Using NMR to Validate First-Principles Granular Flow Equations

TL;DR

This paper employs NMR techniques to experimentally validate first-principles models of granular flow in vibrofluidized and gas-fluidized beds, providing detailed measurements of density, motion, and bubble dynamics.

Contribution

It introduces NMR-based methods to directly measure granular flow properties and verifies first-principles hydrodynamic theories against experimental data.

Findings

Granular temperature profile matches theoretical predictions.

Measured bubble velocity aligns with model estimates.
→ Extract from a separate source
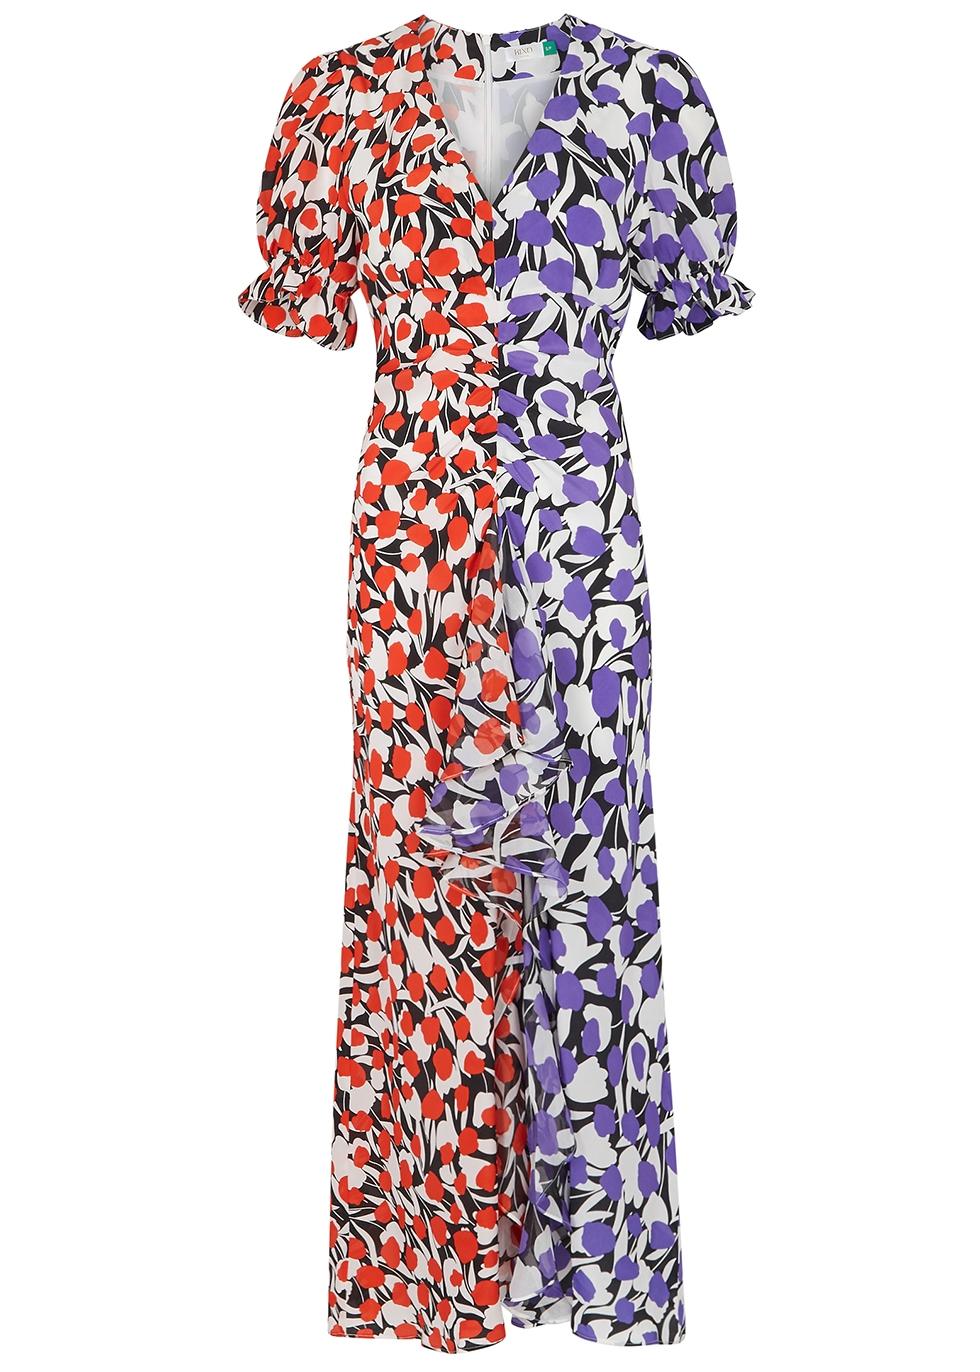 ac853c23a Designer Dresses   Designer Gowns - Harvey Nichols

NMR techniques effectively capture grain and gas dynamics.

Abstract

Nuclear magnetic resonance (NMR) experiments are described for two granular-flow systems, the vibrofluidized bed and the gas-fluidized bed. Using pulsed field gradient, magnetic resonance imaging, and hyperpolarized gas NMR, detailed information is obtained for the density and motions of both grains and interstitial gas. For the vibrofluidized bed, the granular temperature profile is measured and compared with a first-principles formulation of granular hydrodynamics. For the gas-fluidized bed, dynamic correlations in the grain density are used to measure the bubble velocity and hyperpolarized xenon gas NMR is used to measure the bubble-emulsion exchange rate. A goal of these measurements is to verify in earth gravity first-principles theories of granular flows, which then can be used to make concrete predictions for granular flows in reduced gravity.